Autoimmune disorders are linked to a myriad of RNA and RNA-associated autoantigens. Flynn and Bertozzi employed soluble Siglec-Fc reagents and flow cytometry to examine the binding of human Siglec receptors to cell surface glycoRNA. They found that 9 of the 12 marketed Siglec-Fc reagents bind to HeLa cells, and two of which, Siglec-11 and Siglec-14, had binding that was vulnerable to RNase A treatment. These data support the hypothesis that cell surface glycoRNAs might act as direct ligands for Siglec receptors.
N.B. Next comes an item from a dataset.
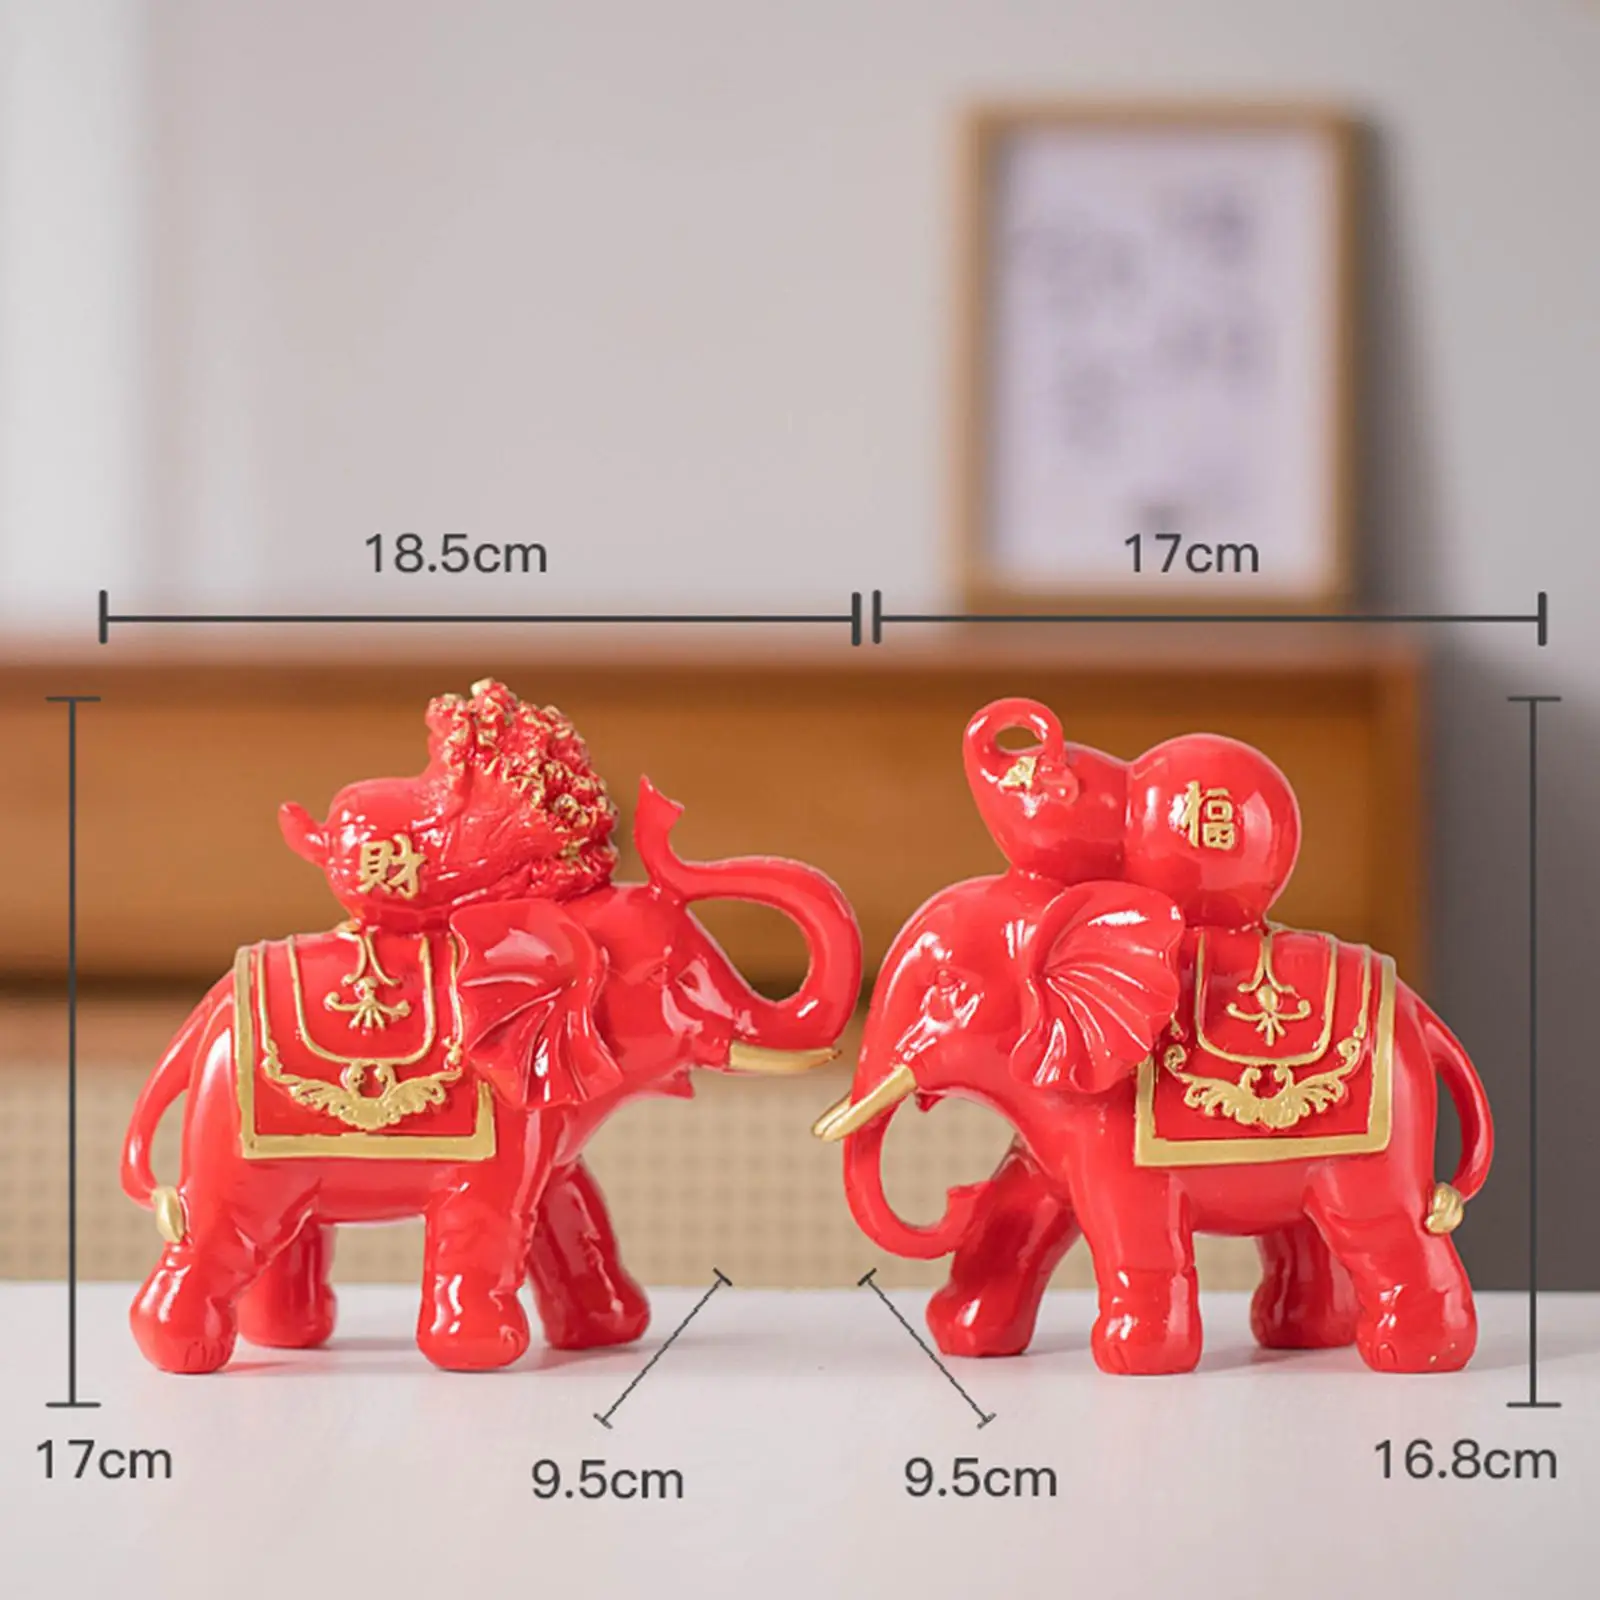 2 Pieces Elephant Statue Craft Standing Resin Home Decoration Figurine Animals Sculpture for Desktop Office Living Room Bedroom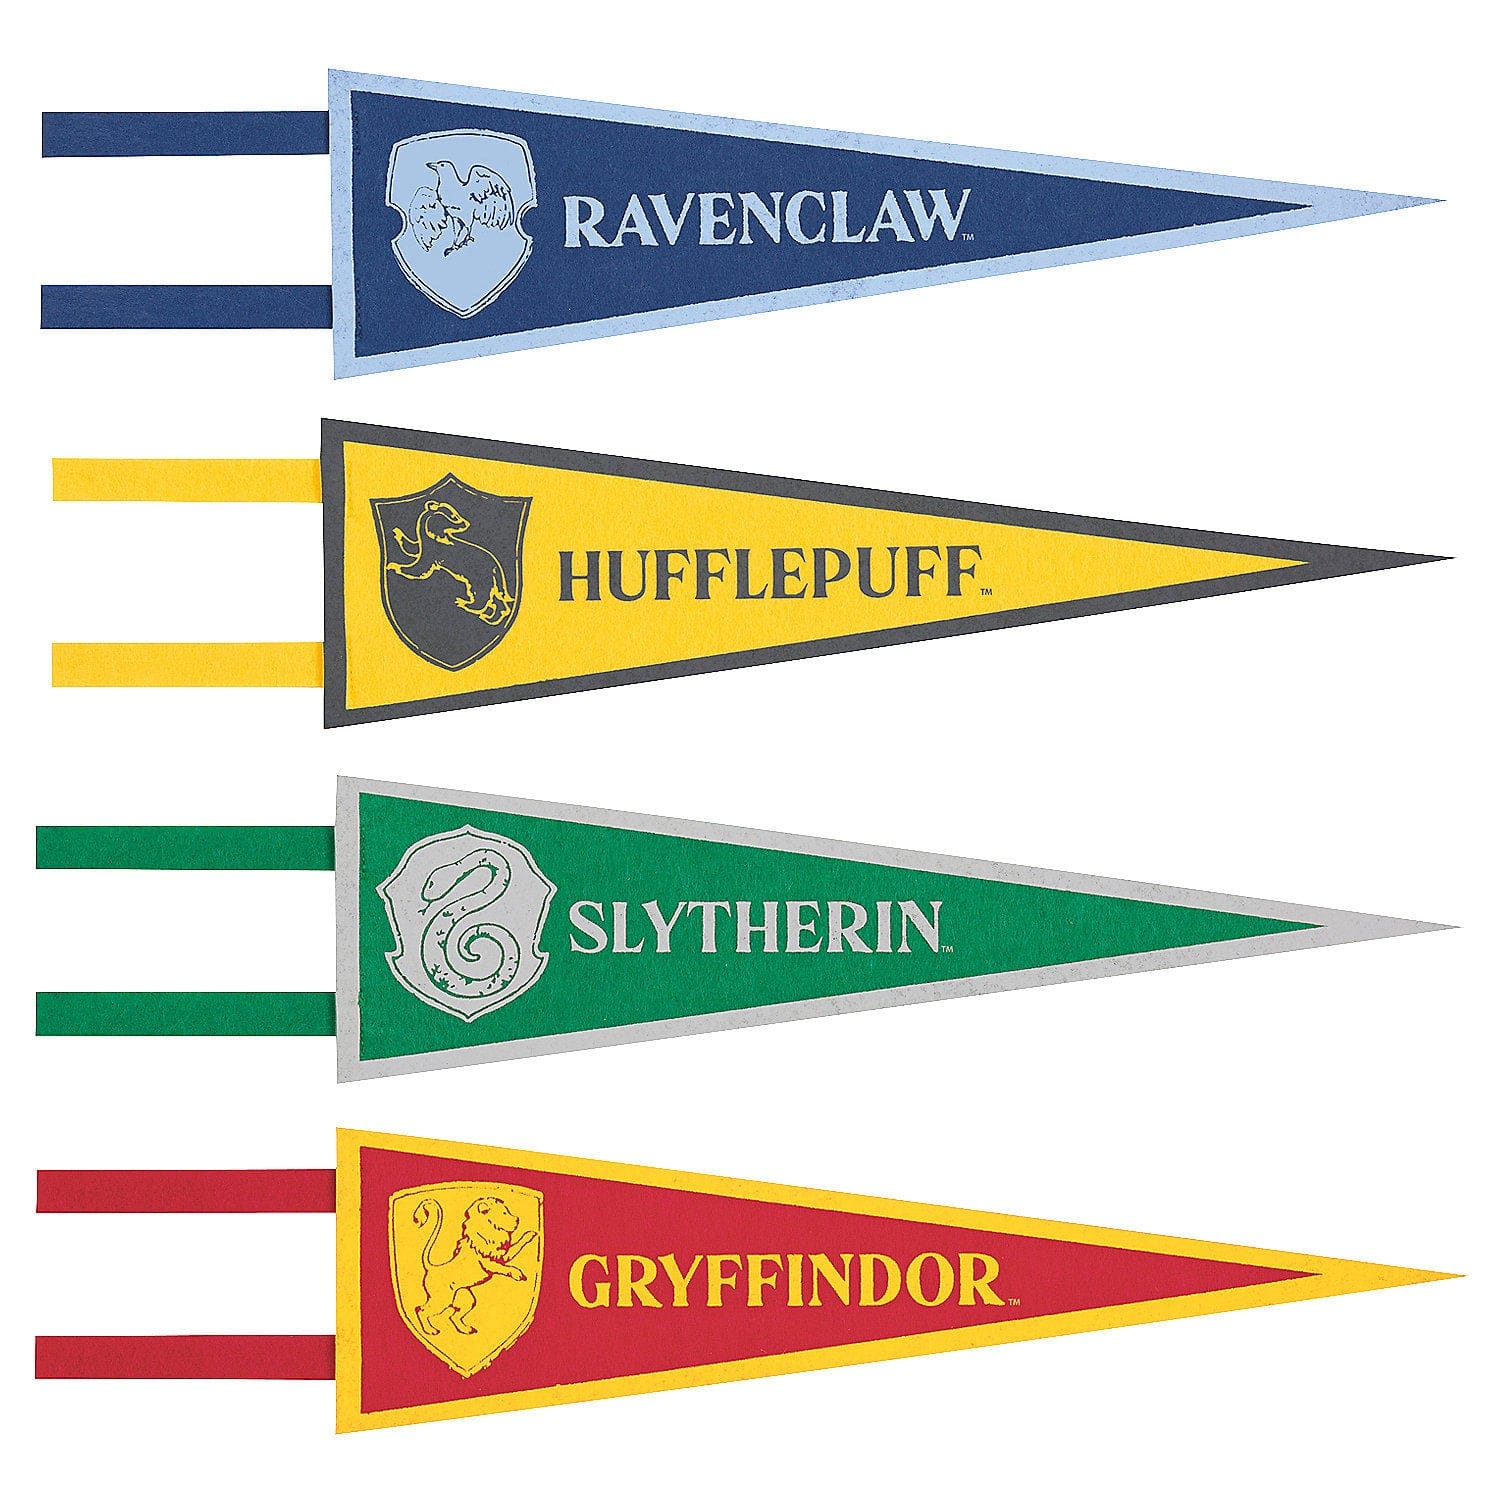 Harry Potter Hogwarts Crest Balloons – Chroma Celebrations

== Biomedical applications ==
GlycoRNAs have the potential to revolutionize the field of RNA sequencing (RNA-Seq) and improve our understanding of the human genome. By performing (qRT-PCR) arrays and RNA-Seq, it is possible to identify glycosylated RNA biomarkers that can be used to develop targeted therapies. By detecting altered expression of glycosyltransferases, it is possible to discover precisely which RNA is glycosylated and what proteins carry it out. In diseases such as cancer and cystic fibrosis, driver mutations can cause variable RNA glycosylation. To fully comprehend the genetic landscapes and heterogeneity of these disorders, more study in this field of glycoproteomics is required.

GlycoRNAs may also have a role in immune signal transduction. With their ability to bind to Siglec receptors and anti-dsRNA antibodies, glycoRNAs have the potential to be used as biomarkers, enabling rapid diagnosis and prognosis for specific diseases. Furthermore, modifying RNA with glycans may be sensitive to immunotherapy medicines and thus could serve as drug targets. In addition to immunotherapy, several other therapies, including radiotherapy and chemotherapy, have the potential to alter the glycan structure of glycoRNAs on the surface of the cell. Thus, these are expected to be used as a type of immune response signal receiver in many drug therapy.